Cool

The black car was hot, a furnace boiling under the canvas roof. When I had gotten between the green blades of the gate and had a moment to stop I opened the roof and let the hot air out. Before the roof was off it was a furnace but for a moment it felt good, a dry heat that toasted your body all over. Toasted bodies relieved by the chill of the slight wind. Mariana was giggling and very happy, waving at the girls sitting behind boyfriends on the motorinos at the stoplight. She would wave and say “ciao bella”, and the girl would smile, and then turn back to the boy driving and kiss him on the cheek. The girls sitting on the back of the bikes must have felt funny about this sudden stranger’s affection. They took that affection back to the familiar boys sitting in front of them. It was a hot Friday morning, and the people on the roads were smiling and baking in the sun.

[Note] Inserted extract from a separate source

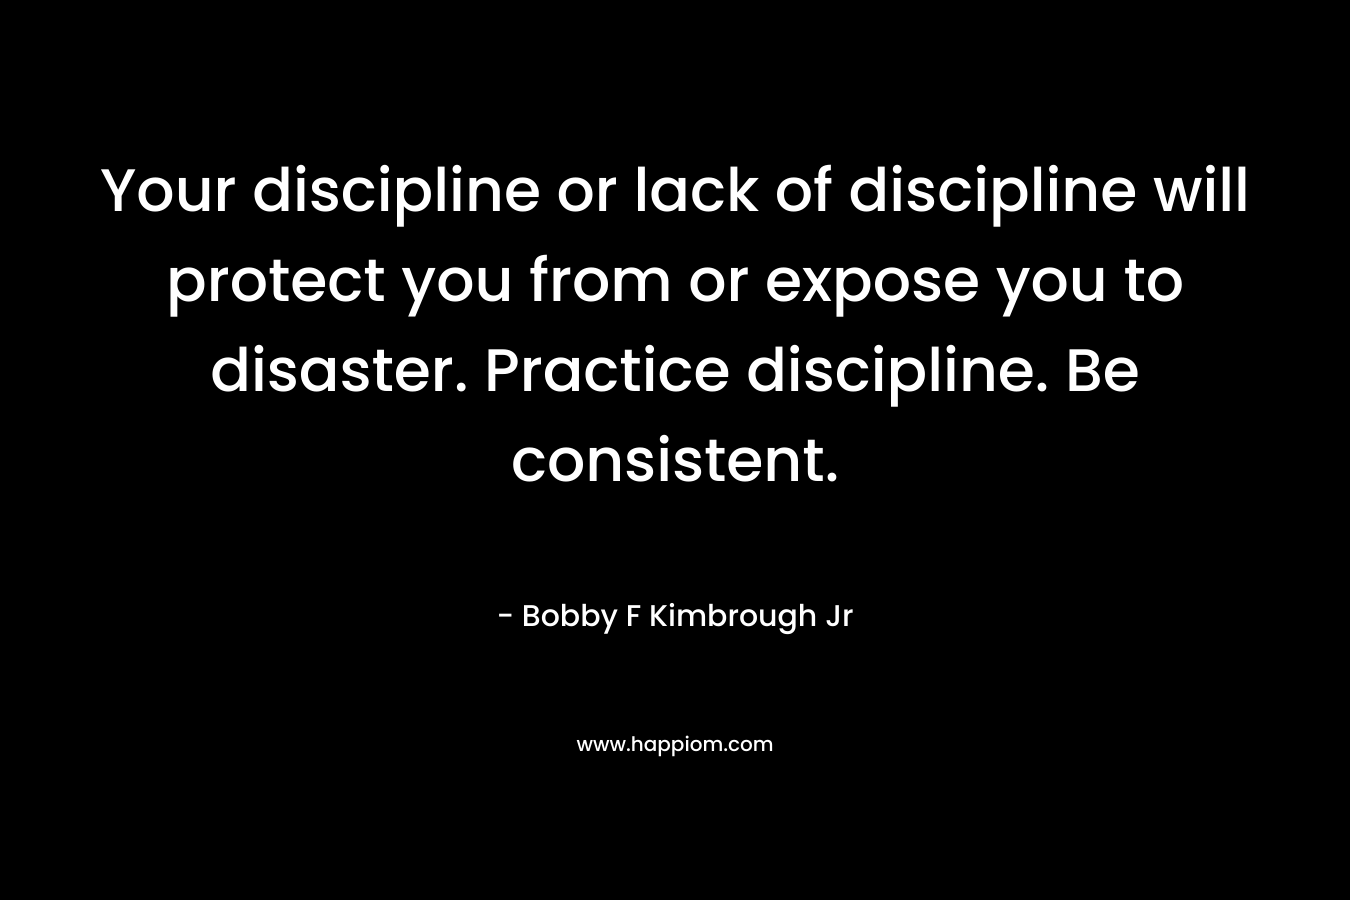 Your discipline or lack of discipline will protect you from or expose you to disaster. Practice discipline. Be consistent.

I can’t remember what we were listening to. I had my iPod plugged into the system, and the treble was clean and pronounced, but the bass was weak. We drove through the late morning hum, hungover and eyes covered by sunglasses. I was to drive her to her festival, at an old occupied house in the north side of town. It was a bit of a distance but it was alright, I didn’t mind the drive, and was looking forward to eating something on my own on the way back.

Che caldo!!” she would repeat, and flail her arms and laugh with her whole mouth. A strong, loud laugh that became annoying and was not at all contagious. But it was ok, her being happy and blabbering on in Italian words but using a structure belonging to southern Hispanic expression and lyricism. It was interesting to listen to, when understood. She spoke quickly but she was also a good listener. She asked many questions and I answered them slowly in the heat, concentrating on the road, and taking deep breaths of the warm air. She said a few times that I looked too serious, and I answered that I was concentrated and tired. We had had a good deal to drink the night before, lots of bad beer but it had been cold and tasted good in the warm night. With the heat you were thirsty, and kept drinking the little cheap bottles and they were delicious.

She then said something funny, when we were driving on the viale between the English cemetery and Piazza della Libertà. “It’s amazing,” she shouted “I put my glasses on, and suddenly feel much cooler!” She didn’t mean cooler in the groovy sense of the word, but rather that the impression of the heat went down with her blocking out the light through the shade of the lens. I thought it was funny, and half agreed with her. “It’s probably just an impression,” I said, “but not any less true.” She began speaking of the senses, the five senses, and their interconnectedness. A web of sense that all worked together to the same end.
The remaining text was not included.